Cassez la coque du cromesquis, une boulette panée et juste frite pour en révéler la croustillance, et laissez fondre en bouche la viande de veau parfaitement assaisonnée. Le contraste du jus de viande bien salé et vigoureux avec la matière lactée ajoute au plaisir. Idem de ces gnocchis façonnés à la main ici même, imbibés des sucs de cuisson et des gambas charnues. Le chef joue du piment comme un virtuose, il suggère l’épice, donne à l’apprécier sans jamais abîmer l’assiette ; à l’oeil on penserait à de la cuisine thaï, c’est au contraire très hexagonal…

La salle s’est remplie : des tables de 4, 6, 8 copains qui viennent rire, ça fait un bien fou. A gauche, on débouche une bouteille du domaine Lou Colombier, un bio 100% viognier sec et fruité idéal pour l’apéro. A droite, c’est encore un bio, le château Pepusque (minervois, 2014), en rouge cette fois, qui apporte du soleil et des tanins aussi fins que du sable à la table. C’est l’heure de l’entremets chocolat-mascarpone ; c’est joliment fait, moins flamboyant que les assiettes salées, mais c’est généreux et joyeux, renouant avec les codes de la marquise au chocolat qu’on aurait passablement modernisée…

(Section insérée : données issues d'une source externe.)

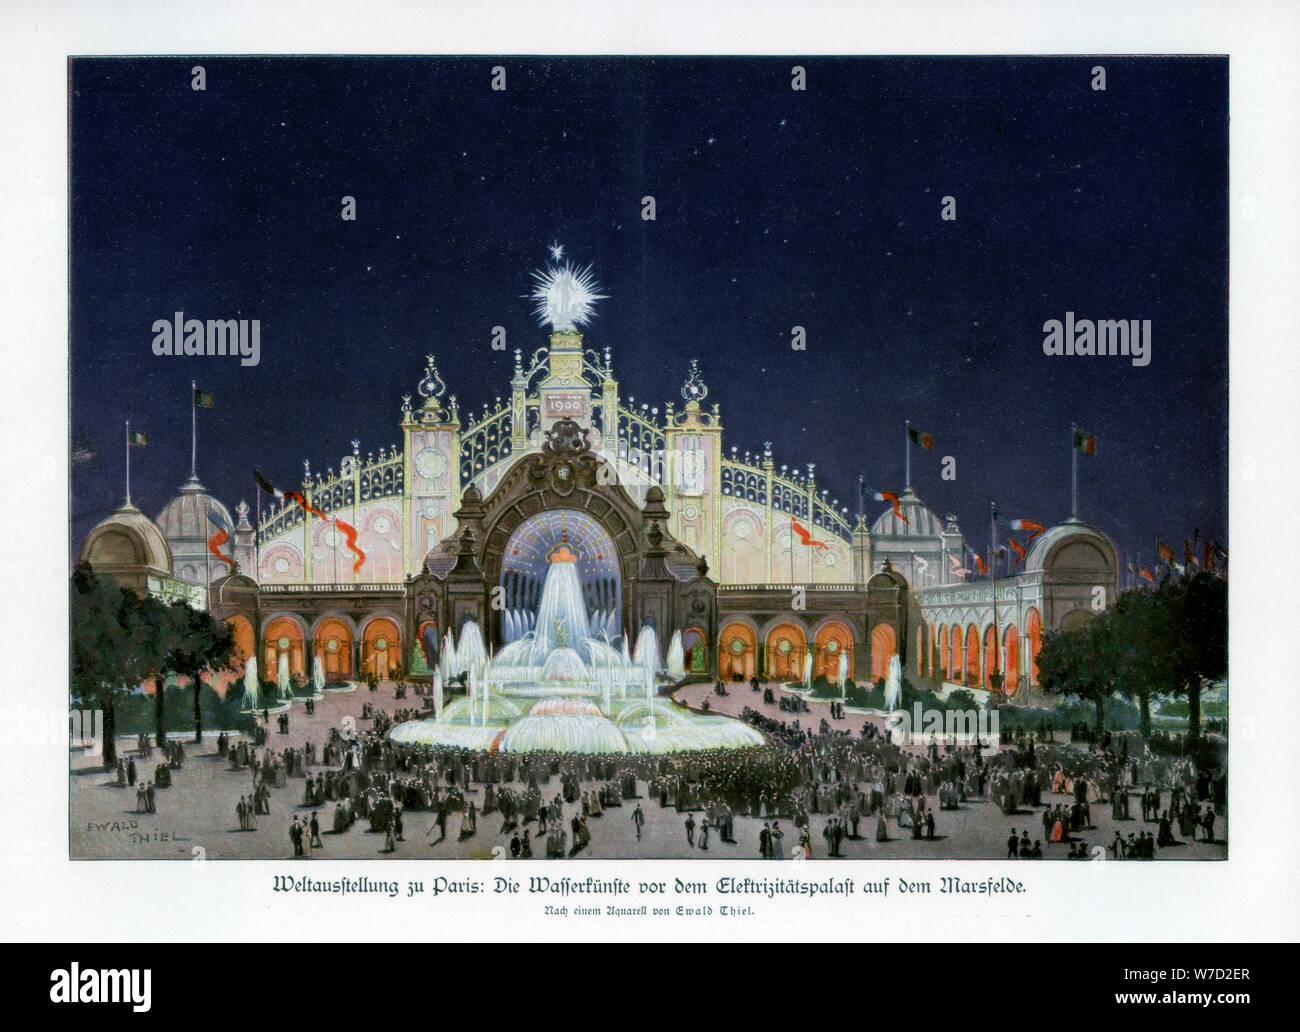 Fountains at the Palace of Electricity, Champ de Mars, Paris World Exposition 1889, (1900).Artist: Ewald Thiel Stock Photo

Alors faut-il y aller ? Oui parce qu’ici les petites fleurs qui parsèment les assiettes et les feuilles vertes de salade ne sont pas tombées là par hasard, elles apportent une touche de chlorophylle et vivifiante. A ce niveau de prix, en réponse à tant de gentillesse, devant tant de belles assiettes, ce serait une faute d’ignorer plus encore une table qui mérite respect, admiration et encouragements.

L’Arôme, 9, rue des 3 Rois, Marseille 6e arr. ; résas au 04 91 42 88 80. Ouvert le soir uniquement. Menu complet 28 €.